NeRF-MAE (package: nerf-mae) is structured to provide easy access to pretrained NeRF-MAE models (and reproductions), to facilitate use for various downstream tasks. This is for extracting good visual features from NeRFs if you don't have resources for large-scale pretraining. Our pretraining provides an easy-to-access embedding of any NeRF scene, which can be used for a variety of downstream tasks in a straightforwaed way. Package, usage and our pretrained checkpoints are coming soon.
Ofcourse, you can also pretrain your own NeRF-MAE models. Navigate to nerf-mae folder and run pretraining script.
cd nerf-mae
bash train_mae3d.sh
Checkout train_mae3d.sh file for a complete list of all hyperparameters such as num_epochs
, lr
, masking_prob
etc.
Checkpoints will be saved at a regular interval of 200 epochs. For reproducing the paper results, we utilize the checkpoints at 1200 epochs.
Notes:
-
with default settings i.e.
batch_size 32
and gpus0,1,2,3,4,5,6,7
onA100
GPU, the expected time it takes to pretrain is around 2 days. Please set these accoringly based on your machine's capacity. -
The dataset_name is set to default as
dataset_name="nerfmae"
. This is for convenince for the dataloader as it describes the format. Our pretraining data comprises of scenes from Front3D, Habitat Matterport3D and Hypersim.
Our finetuning code is largely based on NeRF-RPN. Infact, we use the same dataset as NeRF-RPN (unseen during pretraining), for finetuning. This makes sure our comparison with NeRF-RPN is based on the same architecture, the only difference is the network weights are started from scratch for NeRF-RPN, whereas in our case, we start with our pretrained network weights. Please see our paper for more details.

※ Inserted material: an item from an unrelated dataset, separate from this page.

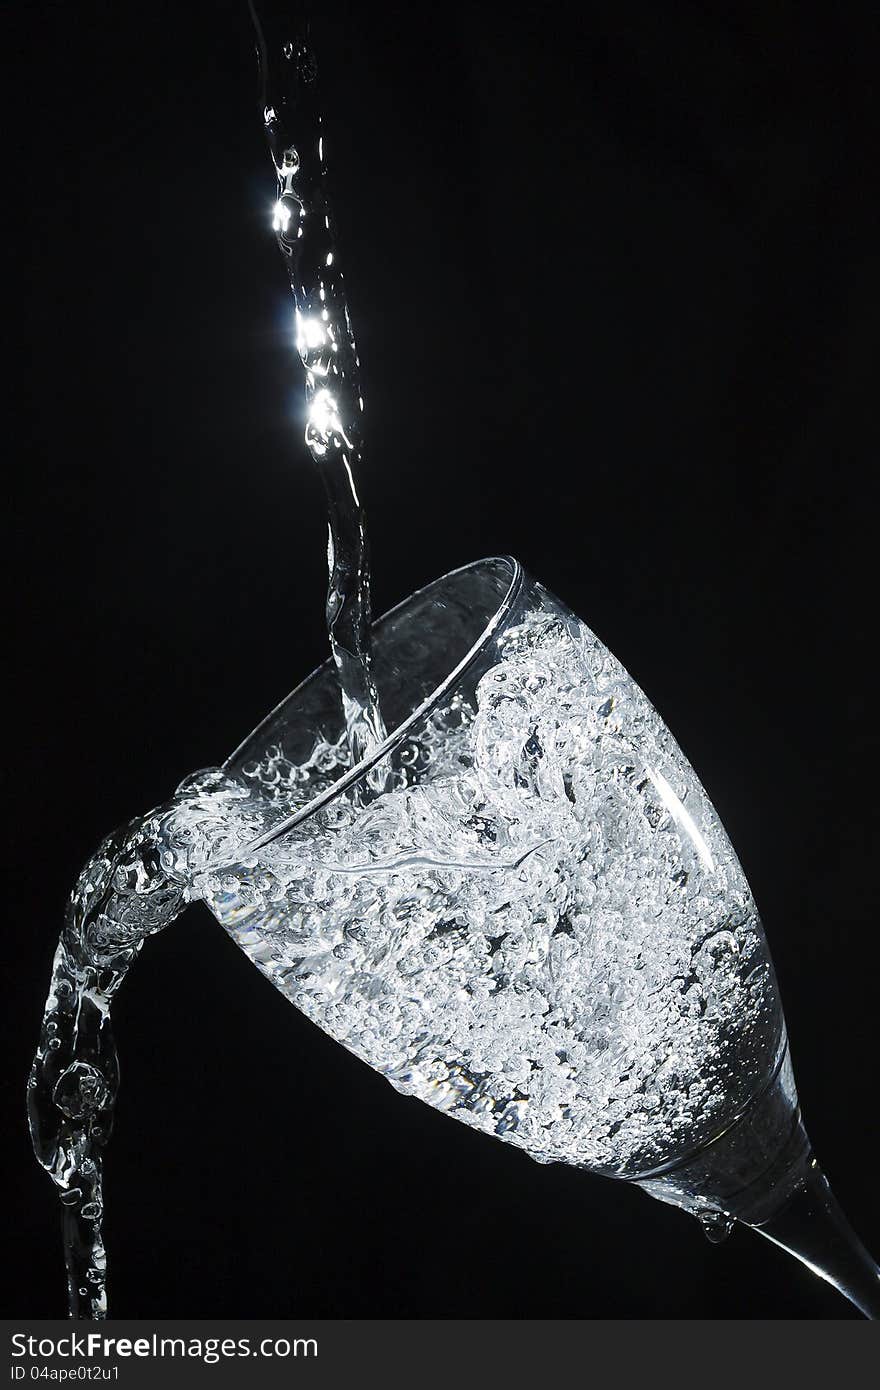 Sparkling water pouring into glass against a black background. Sparkling water pouring into glass against a black background
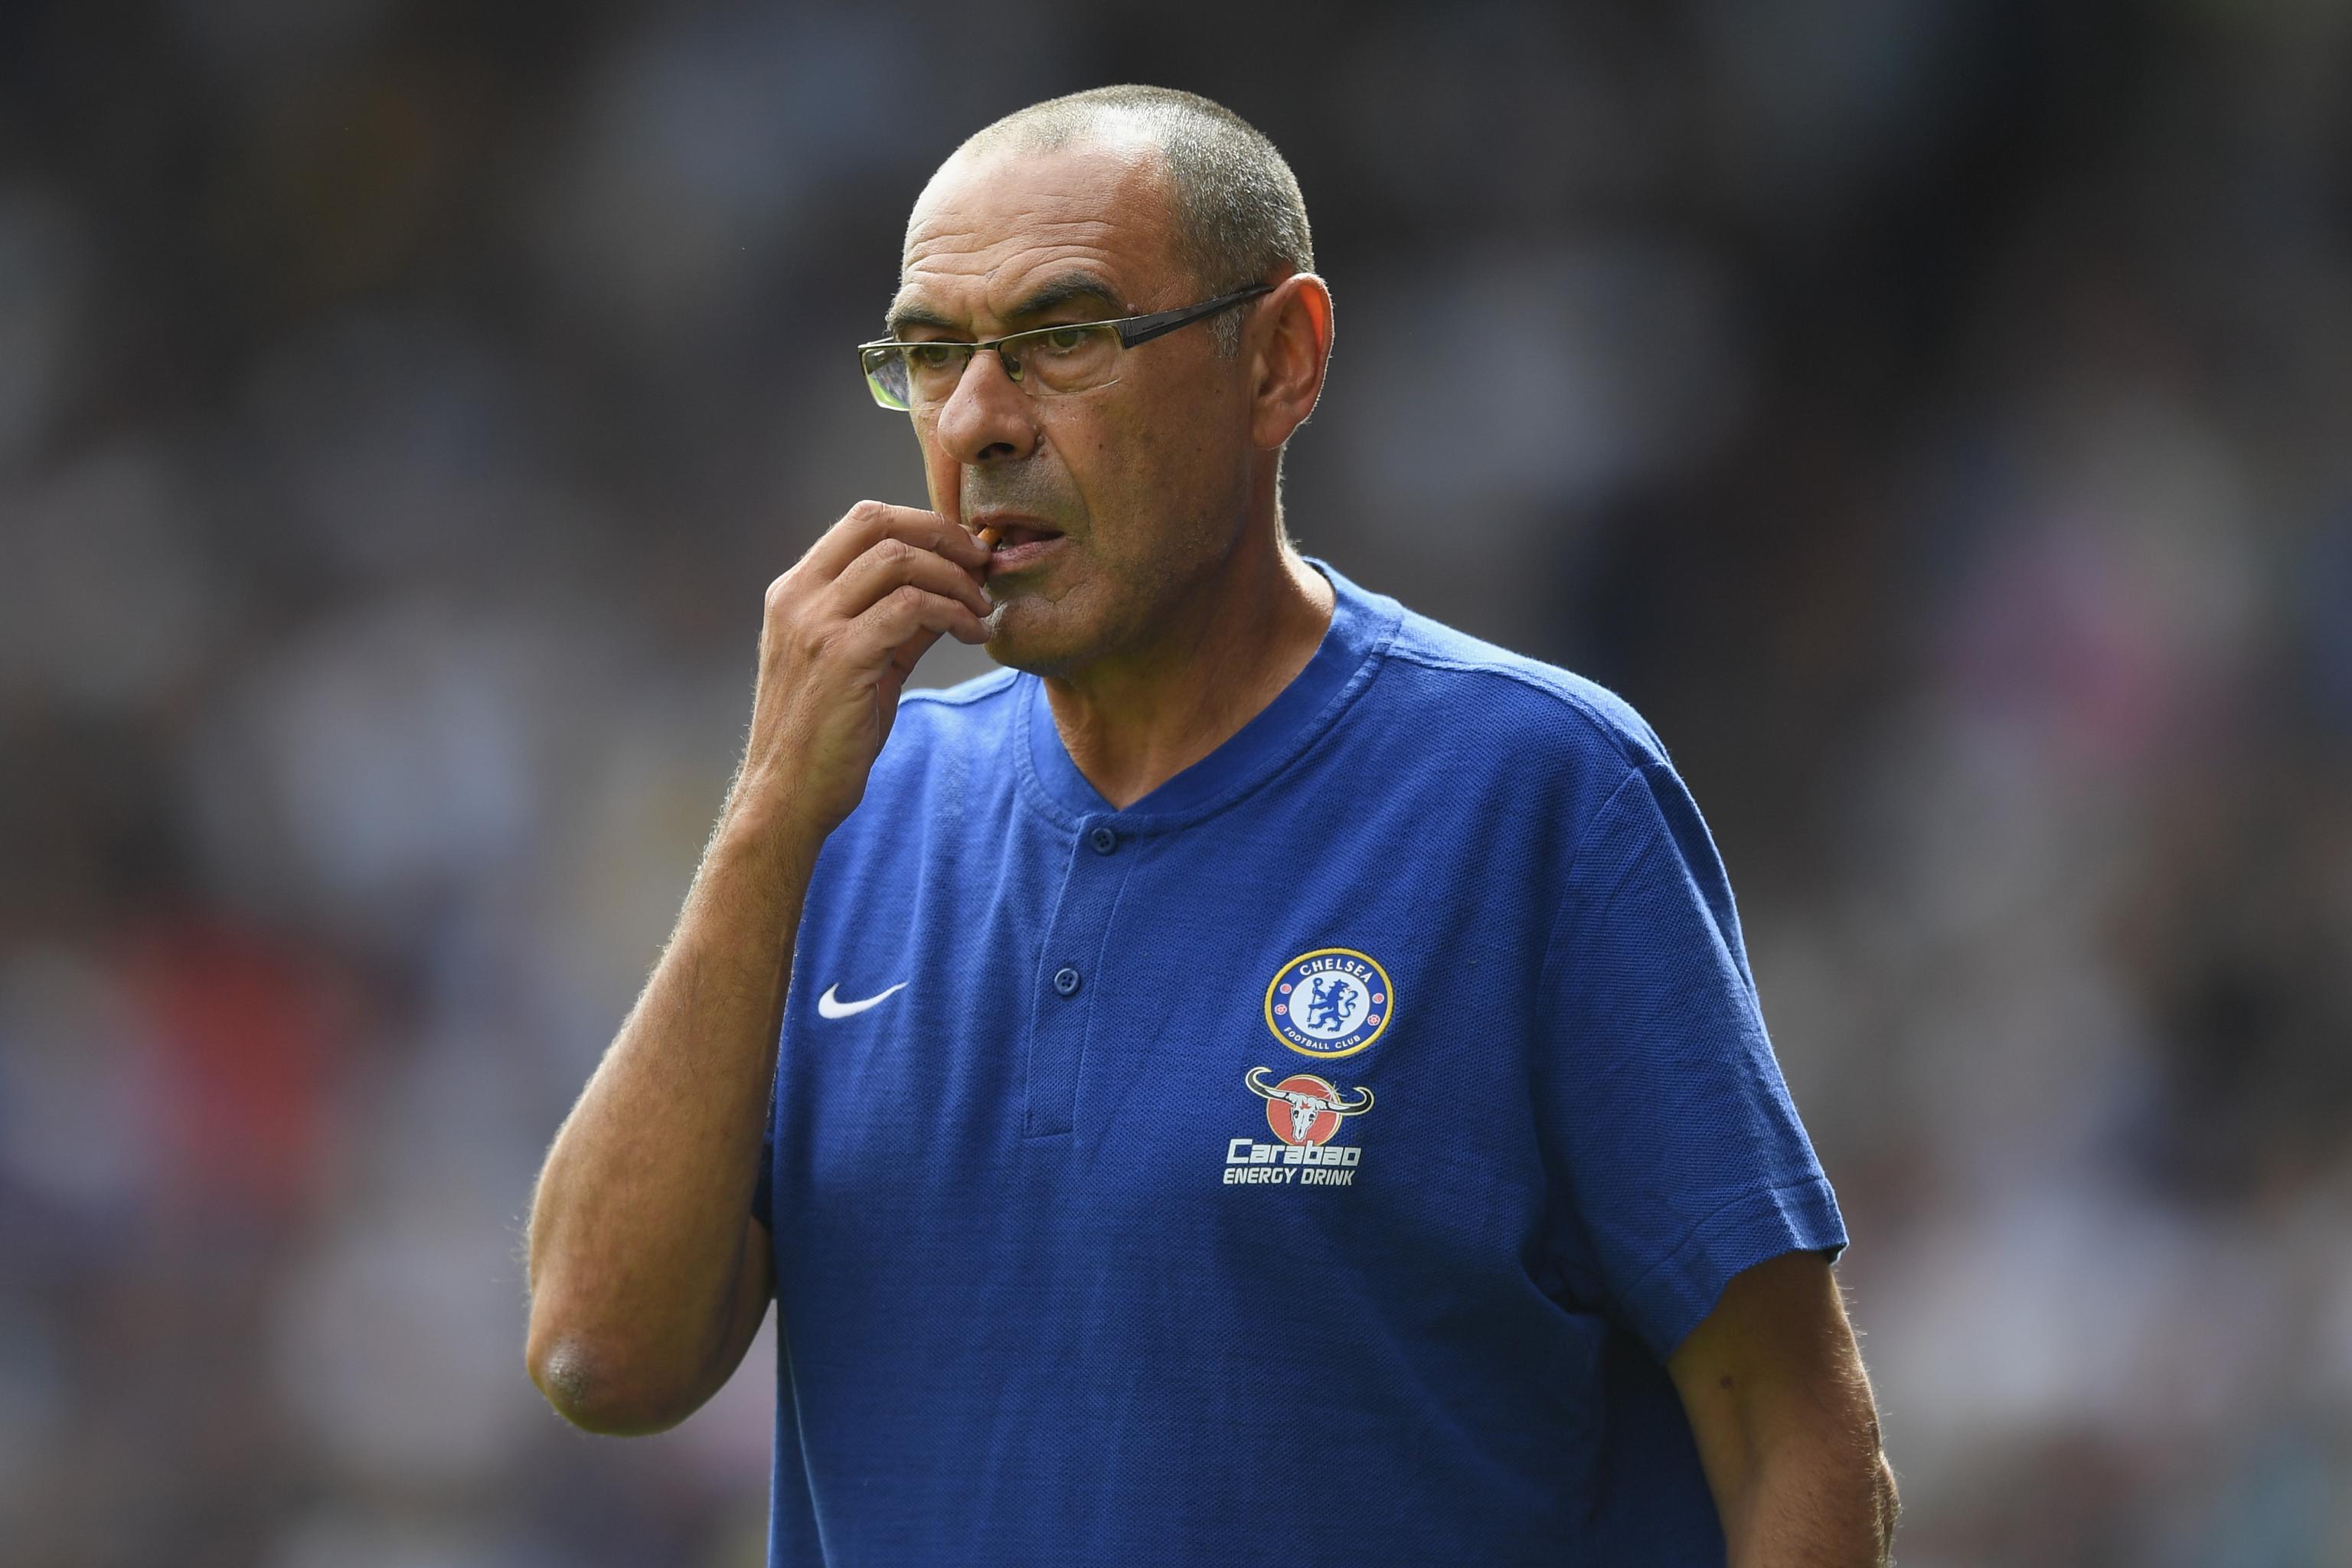 Maurizio Sarri Says He Intends to Quit Smoking While at Chelsea | Bleacher Report | Latest News, Videos and Highlights

Note: We do not see ScanNet dataset during our pretraining. ScanNet 3D OBB prediction finetuning is a challenging case of cross-dataset transfer.
Navigate to nerf-rpn folder and run finetuning script.
To run 3D Swin Transformer + FPN model finetuning with our pretrained weights:
cd nerf-rpn
bash train_fcos_pretrained.sh
To train the 3D Swin Transformer + FPN model model with weights started from scratch:
cd nerf-rpn
bash train_fcos.sh
Note: only 3D Swin Transformer weights are started from our pretraining. FPN weights for both cases are started from scratch. For evaluating our pretrained weights or finetuning from scratch, use bash test_fcos_pretrained.sh
or bash test_fcos.sh
Checkout train_fcos_pretraining.sh and test_fcos_pretrained.sh file for a complete list of all hyperparameters such as mae_checkpoint
, num_epochs
, lr
, masking_prob
etc. Code for finetuning and eval for our downstream tasks are based on NeRF-RPN's implementation.
This code is built upon the implementation from NeRF-RPN. We appreciate the authors for releasing their open-source implementation.
This repository and dataset is released under the CC BY-NC 4.0 license.